To limit the friction between the second shoe 263a-b and the sidewall 160, a high temperature fabric can be placed between them.

In the embodiment of the invention presented here, the stirrup 251 is made of two brackets each comprising a side wall 252a-b and one half of the bottom wall 254 having one end secured to the side wall 252a-b and a free end. The two free ends are fixed to each other by fixing means, here bolts 265. Such an arrangement facilitates the installation of the stirrup 251 by allowing adjustment between the two side walls 252a-b.

As shown in Fig. 3, each side wall 252a-b has an anti-rotation system which is constituted here for each side wall 252a-b, of an extension 267 of the side wall 252a-b where said extension 267 has a profile 269 female, respectively male , which cooperates with a male profile 271, respectively female, of the beam 152. The male/female profiles 269 and 271 fit together to stop the rotation of the side wall 252a-b relative to the beam 152.

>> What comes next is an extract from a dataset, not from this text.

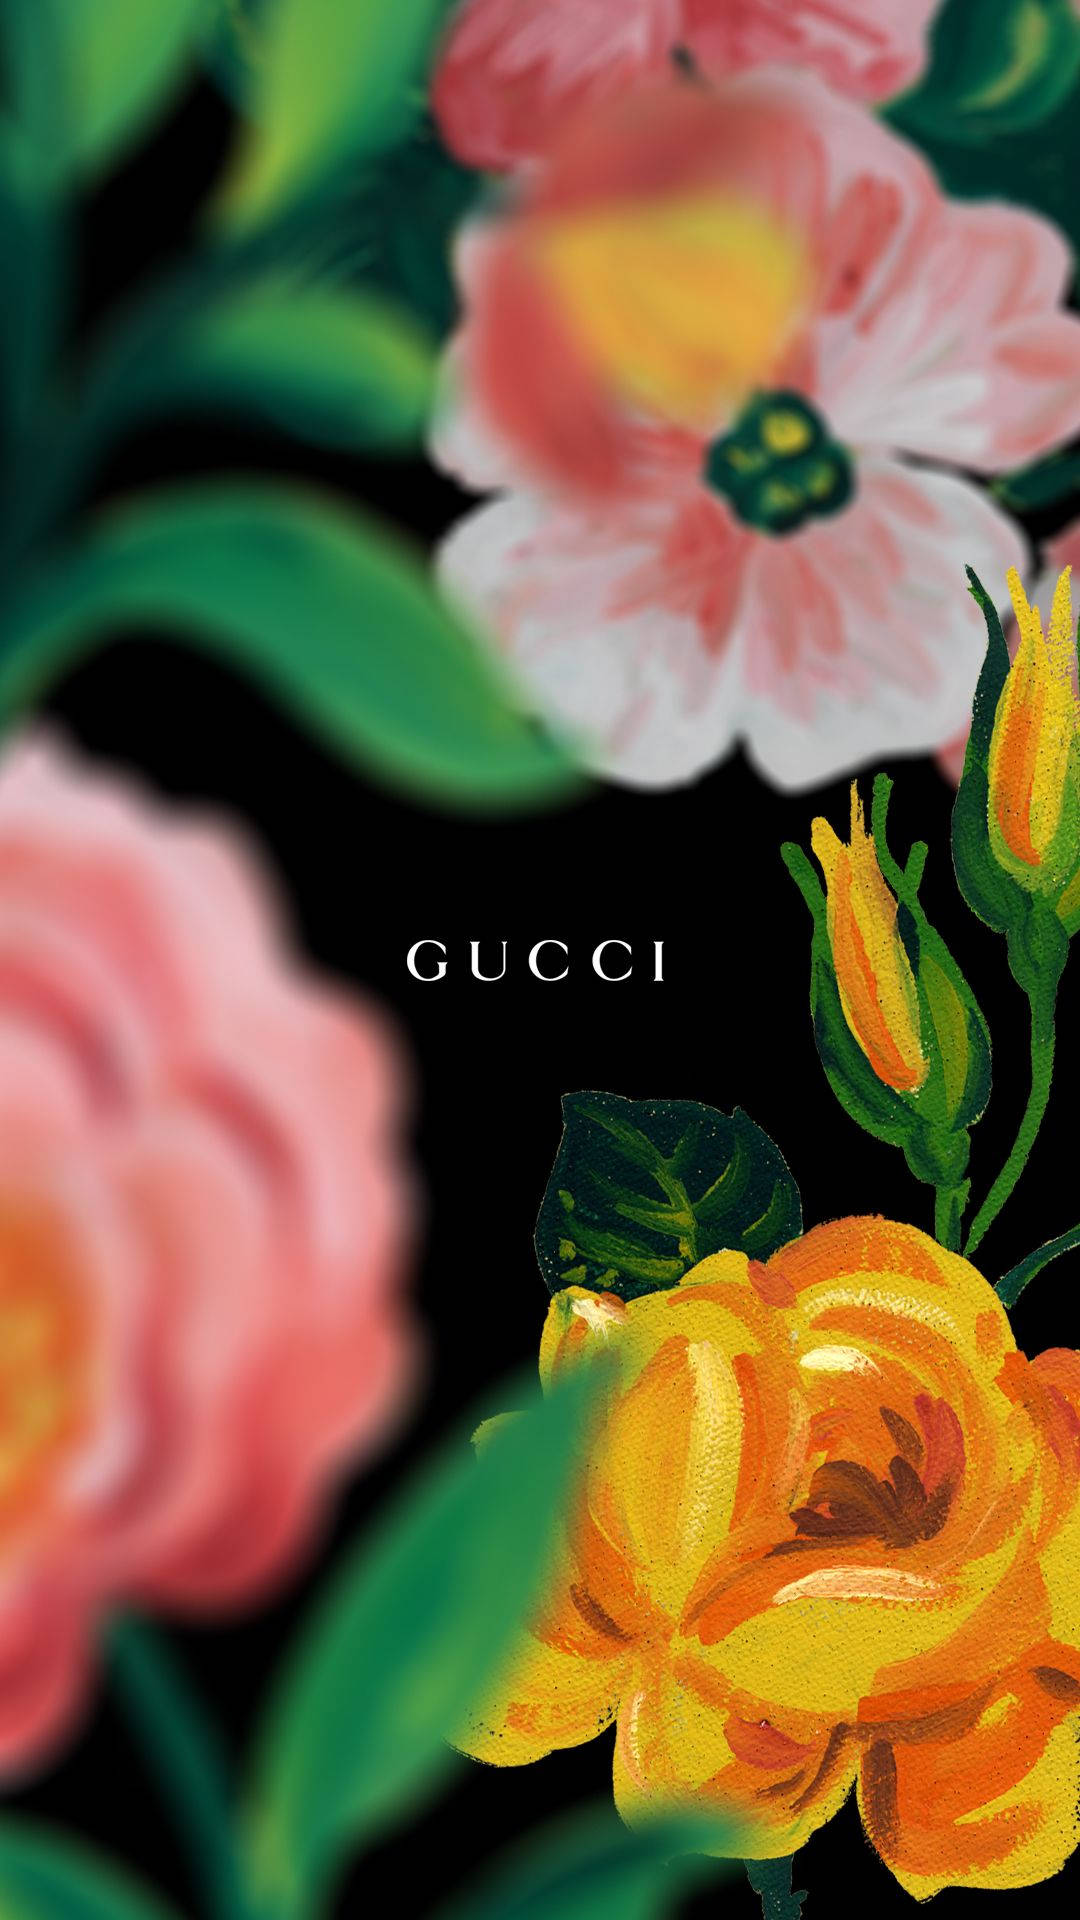 Gucci - Gucci - Gucci - Gucci - Gucci - Gucci - Gu Background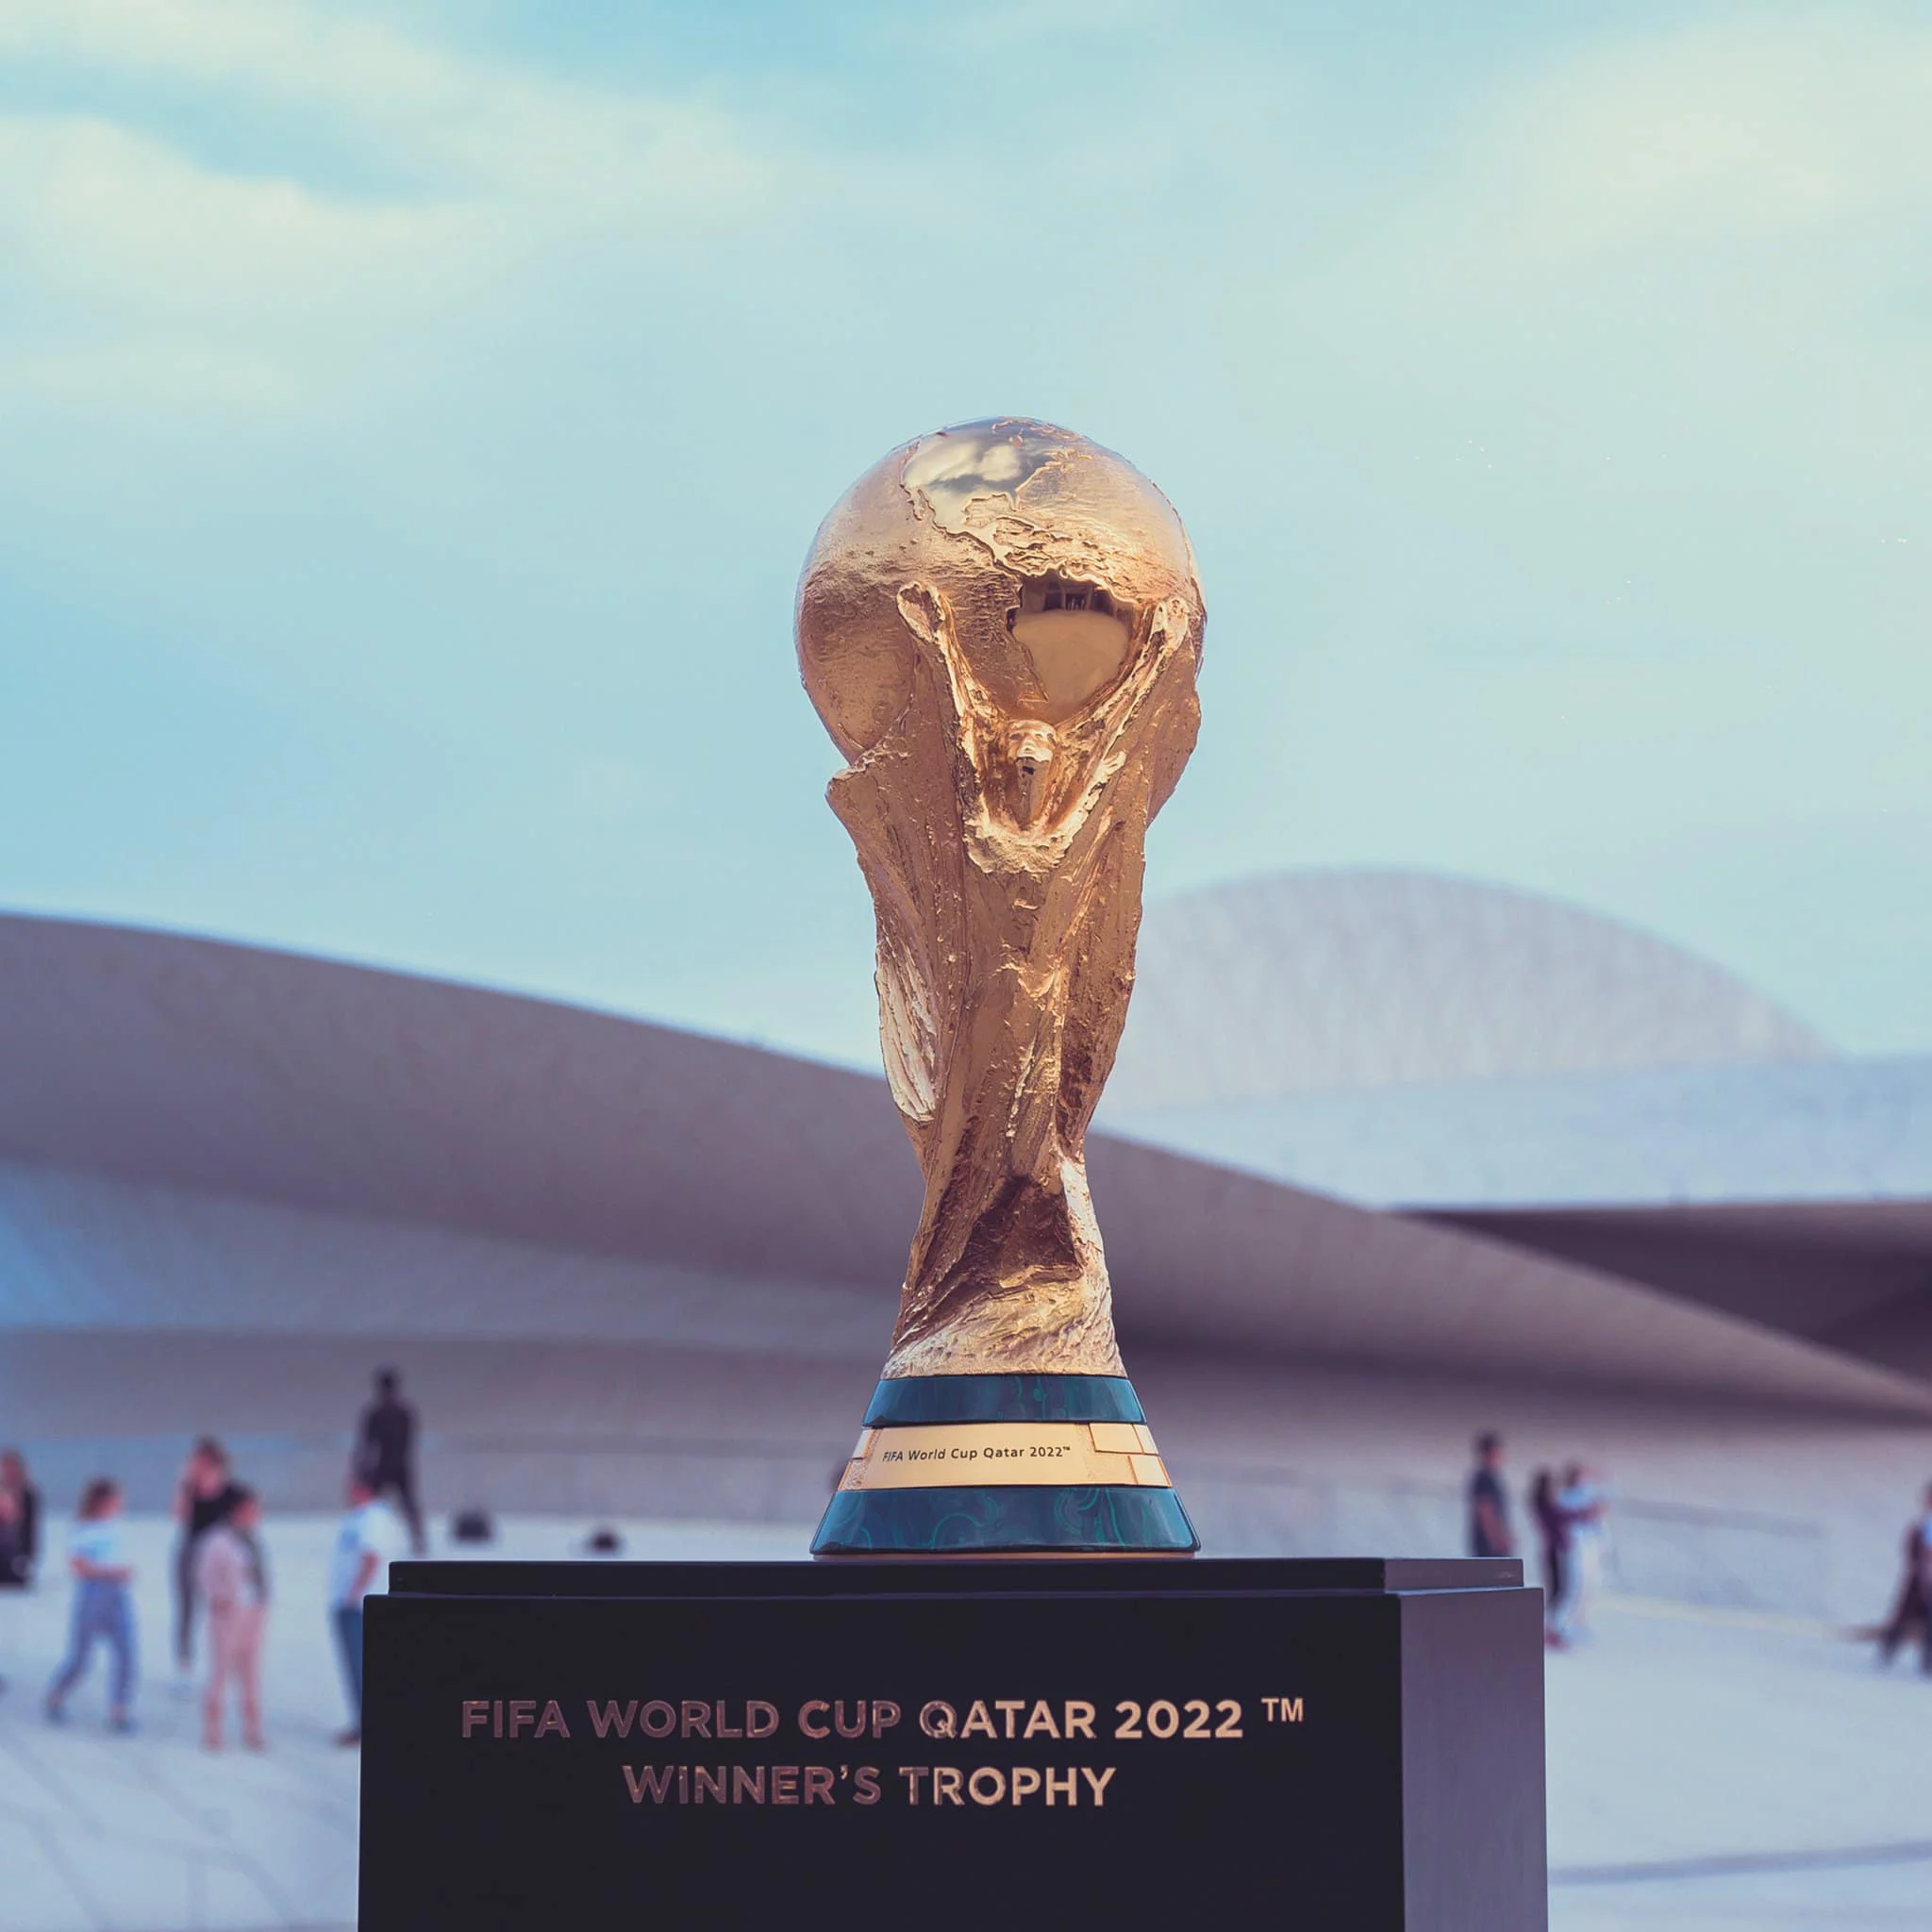 المنتخبات الاعلى والاقل قيمة سوقية في مونديال قطر 2022

The stirrup 251 is made for example from a folded sheet.

Claims (6)

Engine mount (200) intended to be fixed between a mast (106) and an engine (108) of an aircraft (100), said engine mount (200) comprising:
- a beam (152) intended to be fixed to the mast (106) and comprising a U-shaped yoke (158) having two parallel walls and a bottom,
- at least one connecting rod (154) with two joints with a first joint arranged at a first end (154a) of the connecting rod (154) and housed in the yoke (158) to ensure the fixing of the connecting rod (154) to the beam (152) and with a second joint arranged at a second end (154b) of the connecting rod (154) and intended to ensure the fixing of the connecting rod (154) to the engine (108), where the connecting rod ( 154) has a first flank (160) and a second flank opposite the first flank (160), where each flank (160) faces a wall of the yoke (158), and
- for at least one connecting rod (154), a holding system (250) comprising a U-shaped bracket (251) with two side walls (252a-b) connected by a bottom wall (254), and for each side wall ( 252a-b), a compression spring (258a-b) which has a first end secured to the side wall (252a-b) and whose second end projects towards the other side wall (252b-a) and is support against the sidewall (160) opposite, where the stirrup (251) is positioned outside the yoke (158) where each side wall (252a-b) of the stirrup (251) is against an outer face of a wall of the yoke (158) and where the bottom wall (254) of the stirrup (251) faces the space between the walls of the yoke (158). Motor attachment (200) according to Claim 1, characterized in that each wall of the yoke (158) has a bore, in that the first end (154a) of the connecting rod (154) has a bore (156) coaxial with the bores of the yoke (158), in that each side wall (252a-b) is traversed by a coaxial bore with the bores of the yoke (158) and in that an axis passes through all of the bores. Motor attachment (200) according to one of Claims 1 or 2, characterized in that each first end (154a) is equipped with a first shoe (259a-b) which surrounds the first end and which is fixed to the side wall (252a-b). Engine attachment (200) according to one of Claims 1 to 3, characterized in that each second end (154b) is equipped with a second shoe (263a-b) which surrounds the second end and which bears against the side (160). Motor attachment (200) according to one of Claims 1 to 4, characterized in that each side wall (252a-b) has an extension (267) with a female, respectively male profile (269), which cooperates with a profile ( 271) male, respectively female, of the beam (152). Aircraft (100) comprising a mast (106), an engine (108) and an engine attachment (200) according to one of the preceding claims, in which the beam (152) is fixed to the mast (106) and in which the second articulation ensures attaching the connecting rod (154) to the engine (108).